Exactly the lines from the one with "MATERIALIEN: Aluminium" through the last line of the listing must be given again.

> _Provided material_
:::
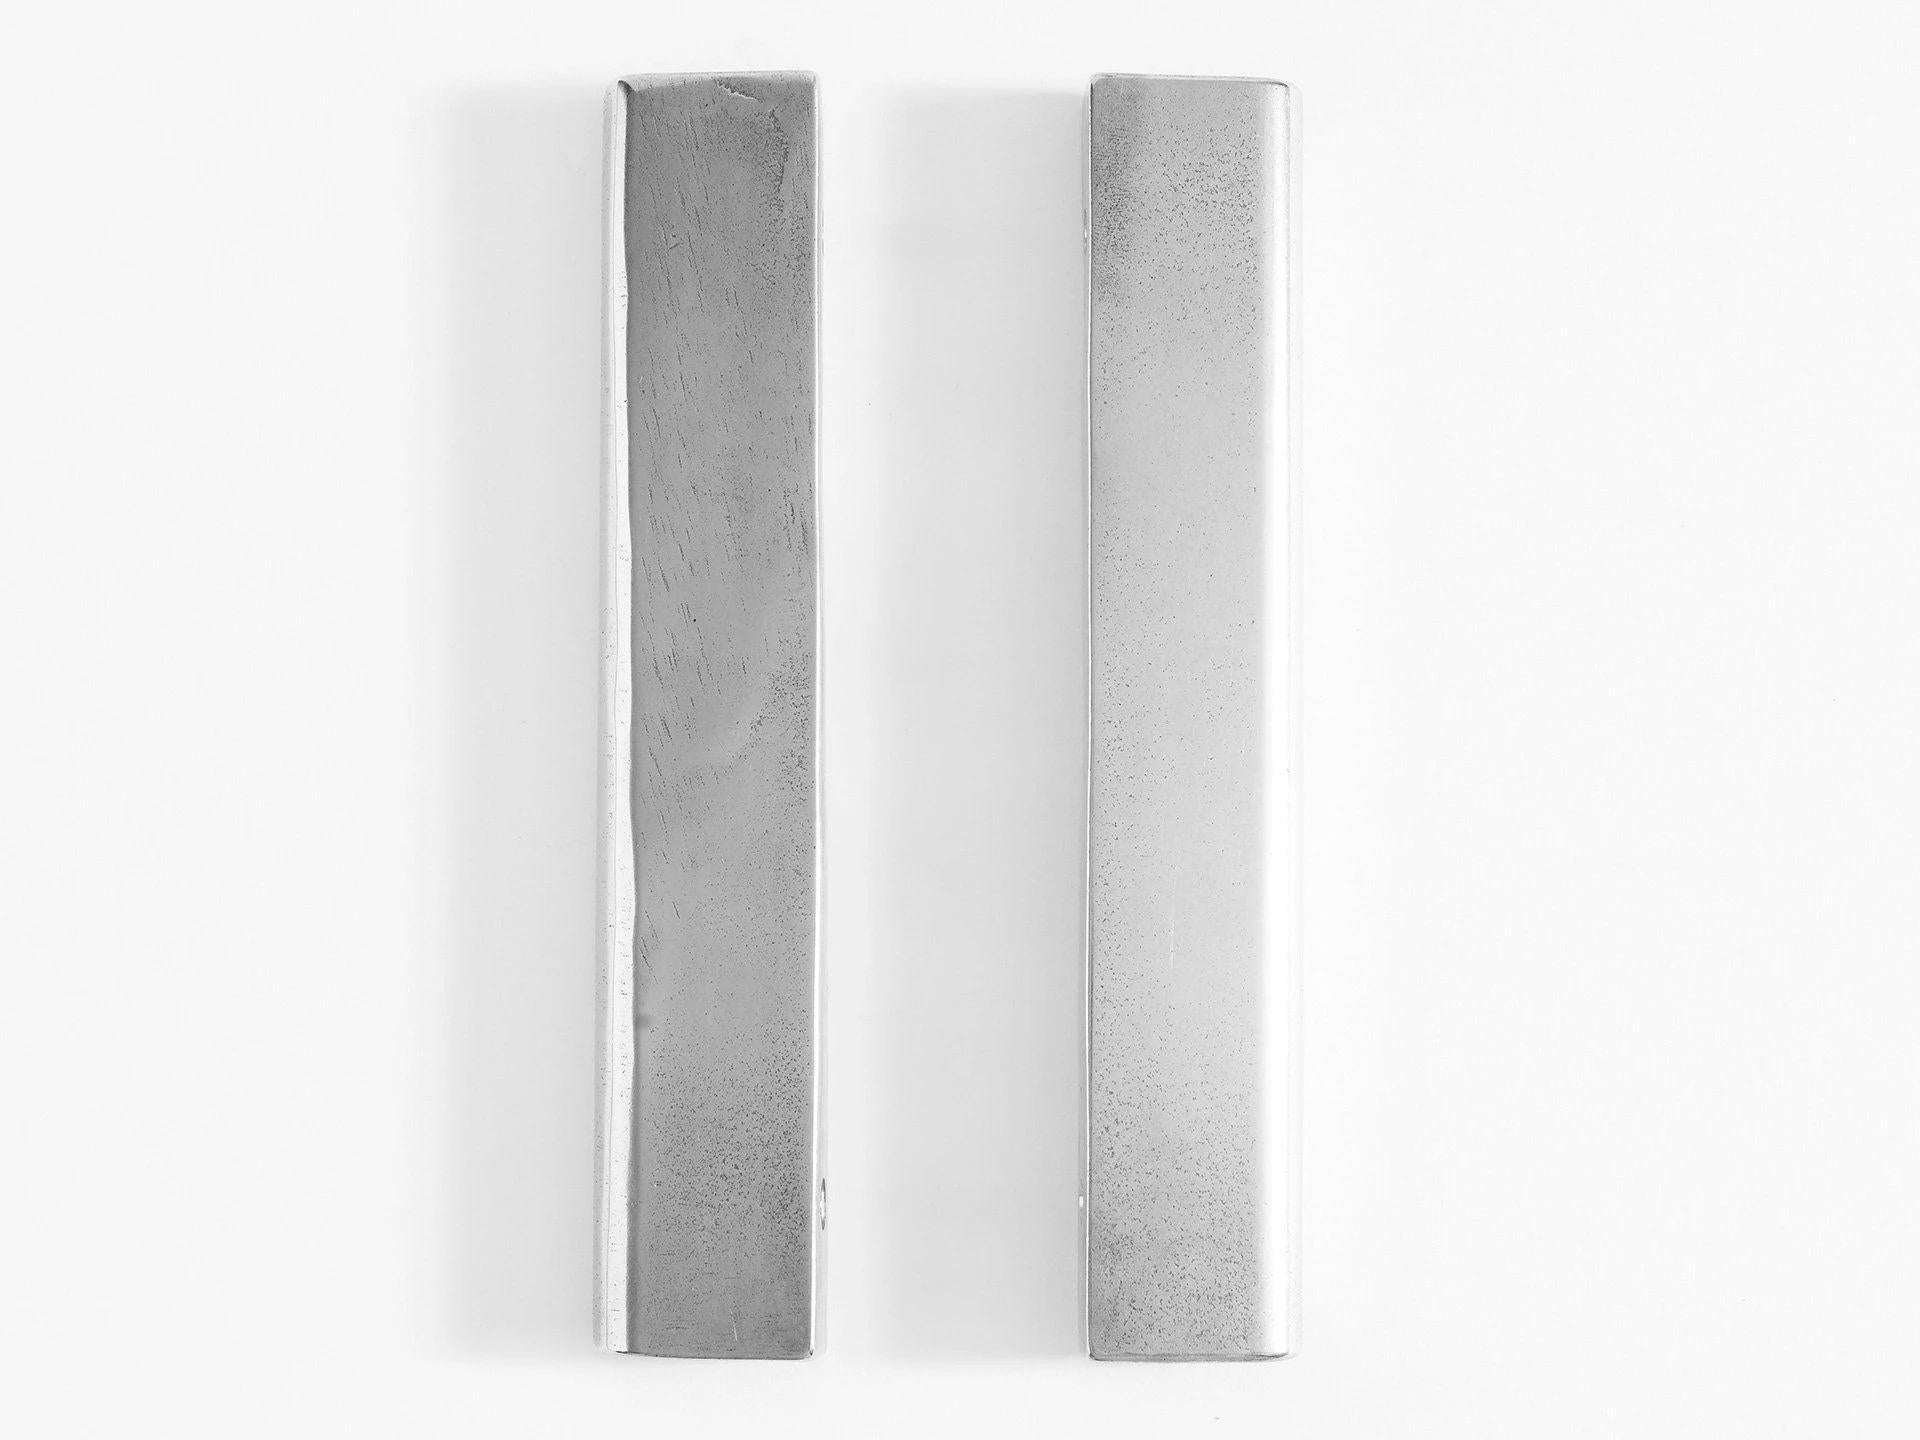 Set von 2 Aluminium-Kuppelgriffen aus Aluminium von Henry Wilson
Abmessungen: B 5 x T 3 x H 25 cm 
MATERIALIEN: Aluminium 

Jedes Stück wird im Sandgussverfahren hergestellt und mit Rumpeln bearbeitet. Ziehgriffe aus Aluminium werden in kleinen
:::
> _Answer to the problem_
MATERIALIEN: Aluminium 

Jedes Stück wird im Sandgussverfahren hergestellt und mit Rumpeln bearbeitet. Ziehgriffe aus Aluminium werden in kleinen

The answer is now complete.